There’s no single correct layout, but a few sensible defaults hold up well:
- In a single-domain forest, keeping all five roles on one healthy, well-resourced DC is perfectly fine and easy to reason about. Just make sure you have a second DC ready to take over.
- Keep the PDC Emulator on a reliable, well-connected DC, ideally in your primary site, since it carries time and authentication load.
- In multi-domain forests, mind the Infrastructure Master / Global Catalog rule from earlier.
- Document where the roles are. The worst time to figure out your FSMO layout is in the middle of an outage.
Quick reference: which tool for which job
| Check role holders | netdom query fsmo / Get-ADForest, Get-ADDomain |
|---|---|
| Graceful transfer | Move-ADDirectoryServerOperationMasterRole (no -Force) |
| Forced seizure | Move-... -Force / ntdsutil roles → seize |
| Cleanup after seizure | ntdsutil metadata cleanup + DNS record removal |
Wrapping up
FSMO roles aren’t complicated once you separate the two scenarios. For planned work — rebalancing or retiring a DC — you transfer, both DCs agree, and nothing is at risk.
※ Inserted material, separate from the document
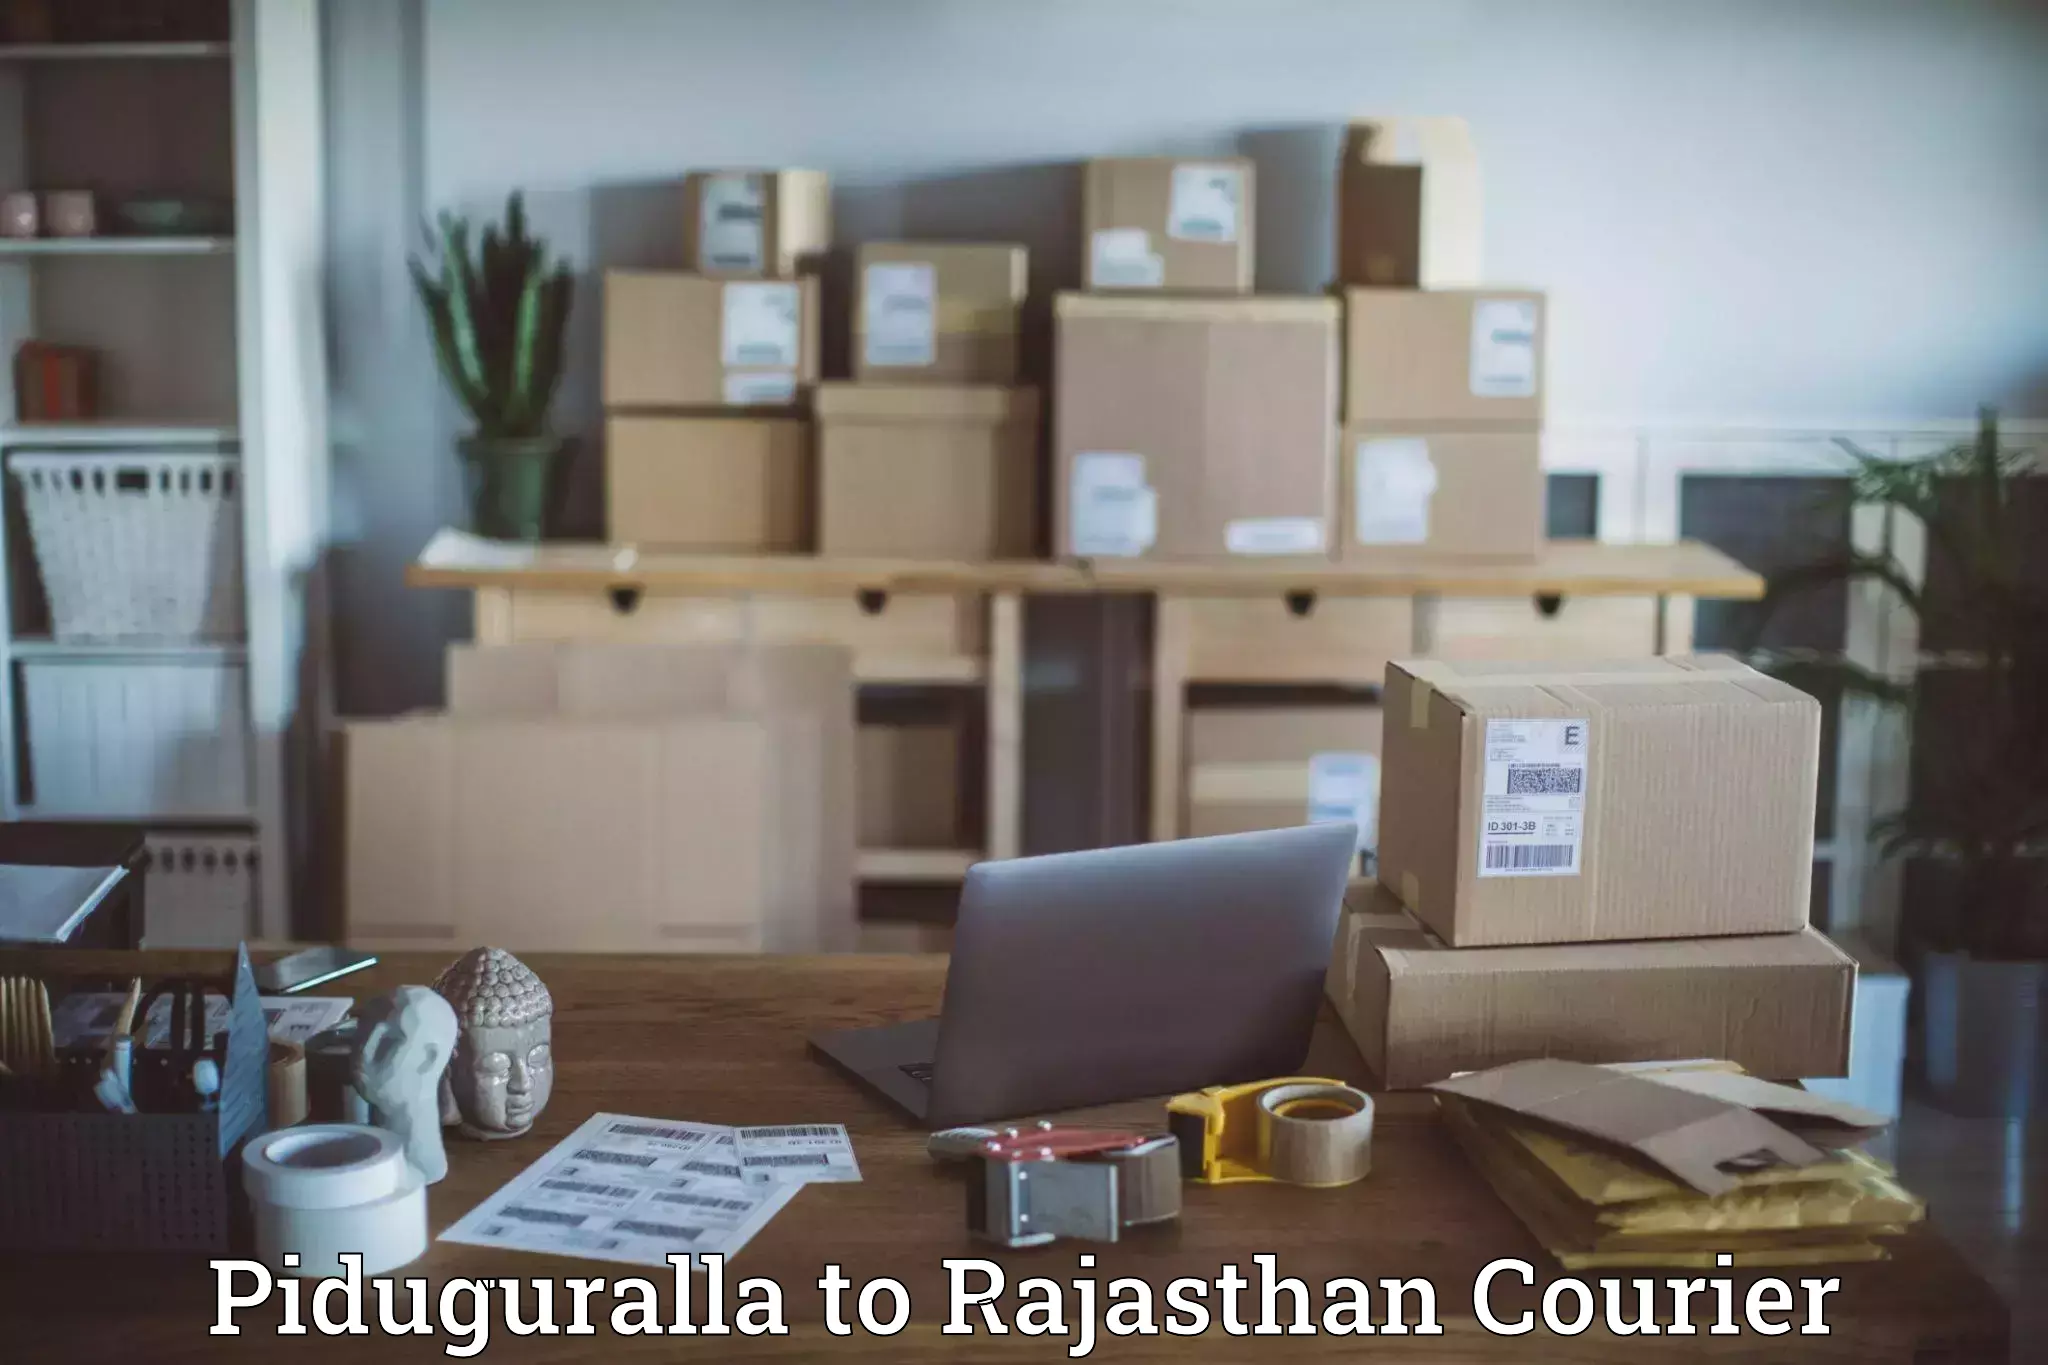 Large-scale shipping solutions Piduguralla to Jawahar Nagar

For a dead role holder that’s never coming back, you seize, then you clean up the metadata and you keep that old DC off the network forever.
If you remember one thing, make it that last point: a seized DC that comes back online is the fastest way to turn a recoverable failure into a directory mess. Default to transfer, seize only when you must, and document where your roles live before you ever need to move them.